Collective trauma happens in slow motion, A form of shock all the same … ‘I’ continue to exist, though damaged and maybe even permanently changed. ‘You’ continue to exist, though distant and hard to relate to. But ‘we’ no longer exist as a connected pair or as linked cells in a larger communal body.
I’m not sure of the efficacy of the notion of collective trauma, but I think it is important to understand the notion that “the basic tissues of social life” are being chewed through and leaving us all bereft. That’s what is happening with the mediation of politics I am describing.

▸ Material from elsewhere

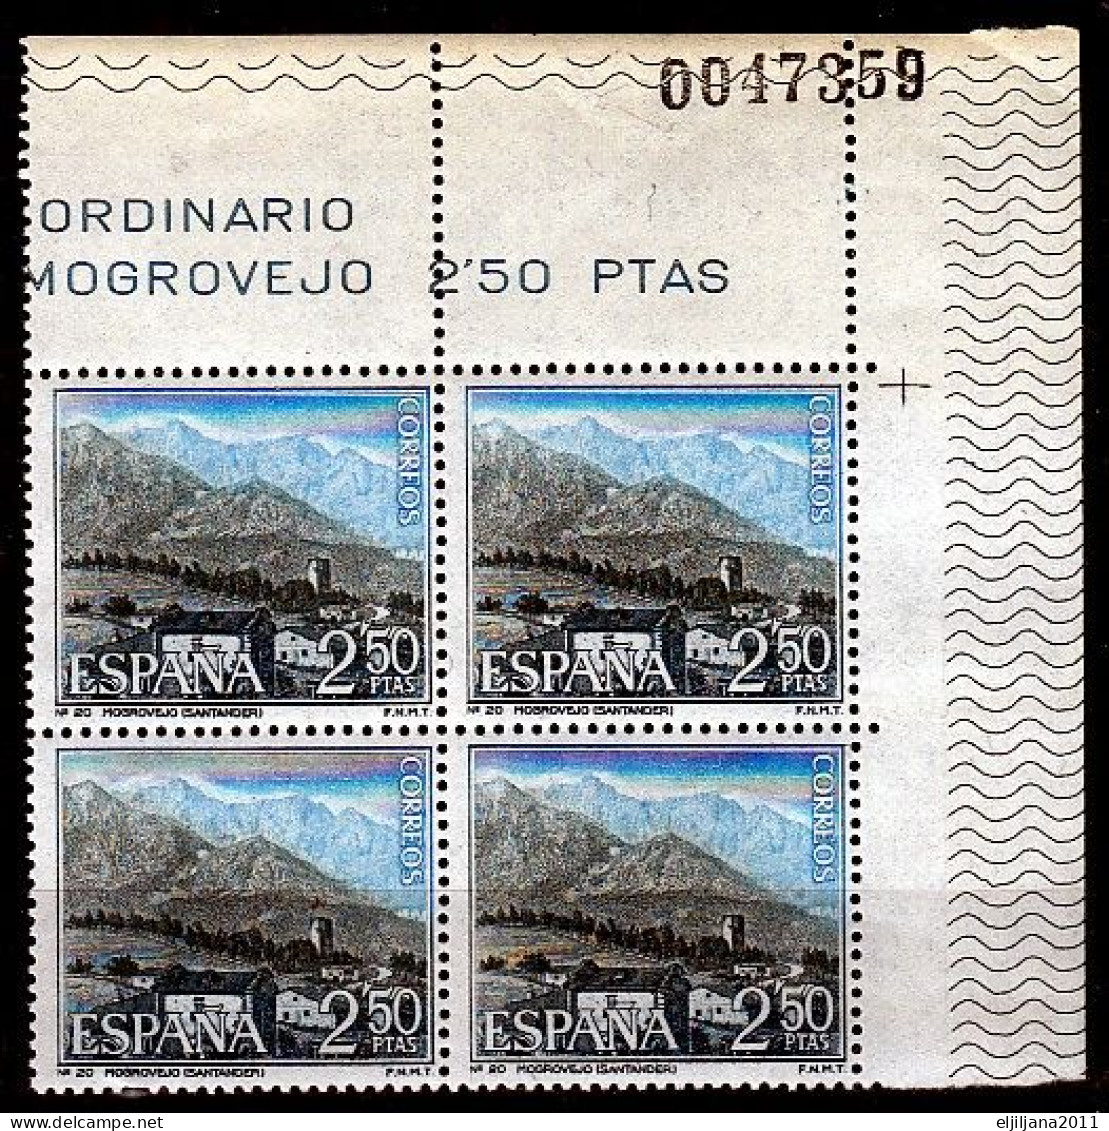 ⁕ SPAIN / ESPANA 1965 ⁕ Mogrovejo - Santander Mi.1589 ⁕ MNH Block Of 4 - Neufs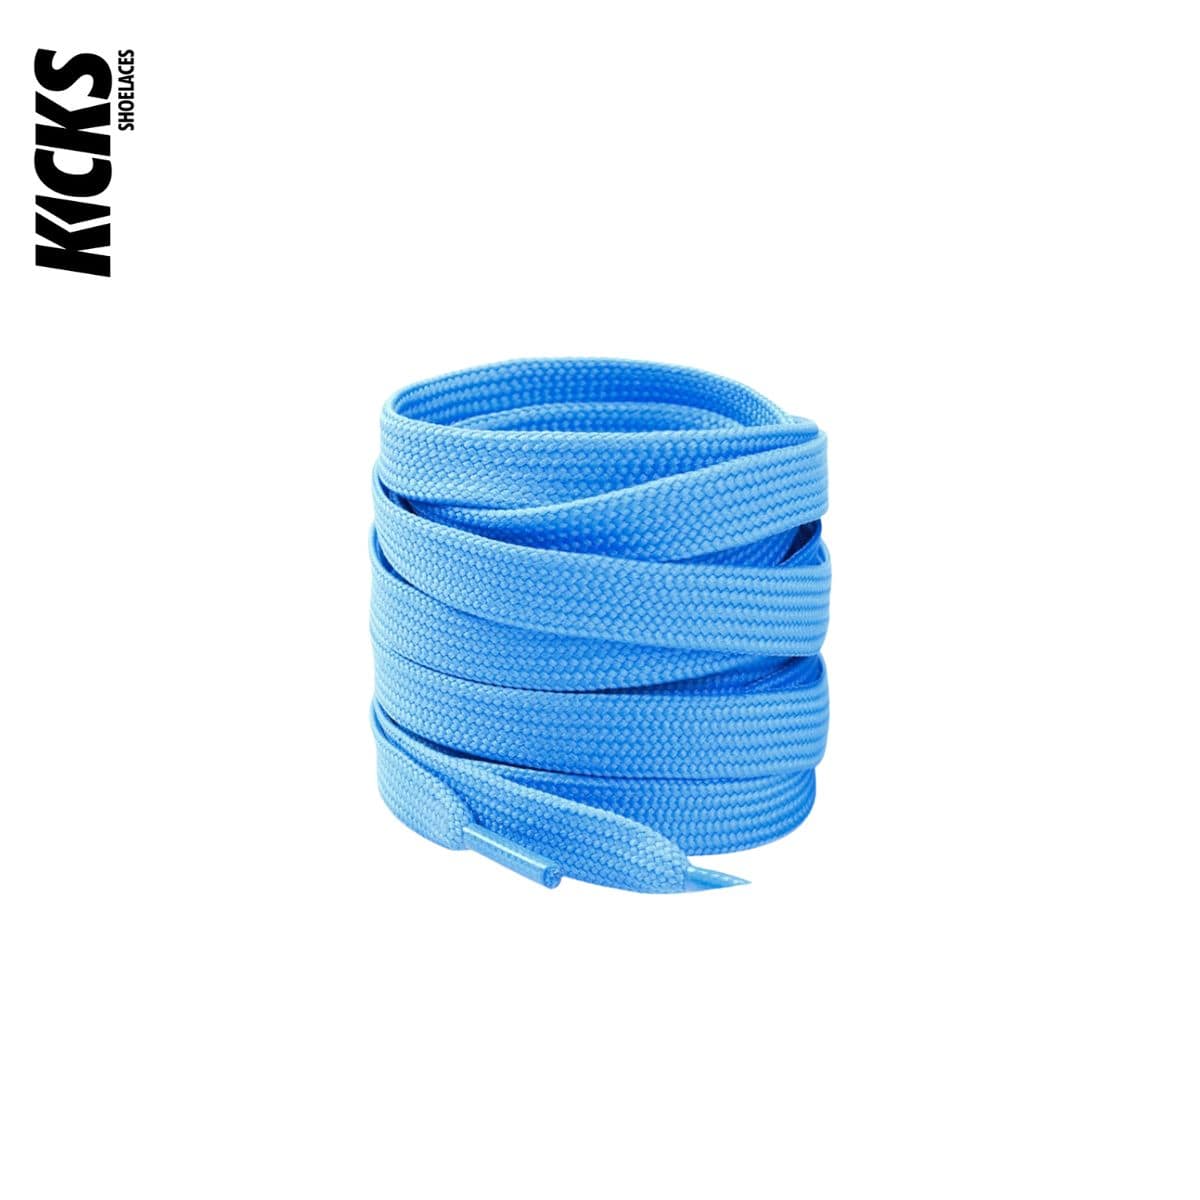 Sky Blue Nike Dunks Shoelace Replacements - Kicks Shoelaces

Researcher Alex Fein’s beautiful words about the people she talks to in her qualitative interviews are a nice reminder of how we might keep that tender space for disagreement healthy:
At Redbridge, alongside our quantitative work, we also do a lot of qualitative research. Most nights, we’re speaking to Australians from across the country, listening to their stories. As we learn about what’s important to them, I continue to marvel at their insights, the depth of their thinking, and their generosity with the information they share.
Even those who have fallen down the conspiracy theory ‘rabbit hole’ confound expectations. They might have bought into various culture war tropes peddled by those desperate to distract from their own failures and abuses, but that does not mean that these people are incapable of compassion or reason.
These folks have taught me how expressions of vulnerability can seem dangerous to them after a lifetime of being brutalised by systems hostile to their interests. And they’ve shown me how quickly they can shift away from grievance against the marginalised, reorienting towards advocacy for progressive policies that will strengthen and protect all Australians … when they feel sufficiently safe to entertain such thinking.
We should take a lot of heart from this, just as we should from the success of the community independents whose close engagements with their electorates via kitchen table conversations and other events where people are listened to and heard shows us that positive change is possible.
Let me wrap this up by bringing us back to the referendum. A No vote in the referendum will damage that tender spot of disagreement on which civilisation depends, not because the vote is No, but because of the way in which the No campaign has gone about assembling its majority. Racism is a factor, but we are kidding ourselves if we think that is all it is. From Dutton down, the No campaign has sought to sway us to vote No by incinerating the space in which we might have reasonable discussion, in which even racism itself might be named and addressed.
Dutton sees a No vote as his ticket back to, not the political mainstream, but to a position in which he can exercise the power of minority disaffection, and as multiple people have pointed out, he is taking lessons from likeminded extremists in the United States who have already left that nation in pieces.
We shouldn’t be surprised that they relish this disruption. Extremism is, well, extreme. It can’t operate in normalcy and calm. By definition, it requires chaos. Inevitably, they will take every opportunity to generate it.
Again, this isn’t about disagreement per se. I am not arguing we all need to agree on everything and sing “Kumbaya” holding hands around the campfire. Conflict and disagreement are inevitable part of the life of any community. The problem is when we move beyond legitimate disagreement and enact tactics that despoil that fragile space in which disagreement can exist but community can survive.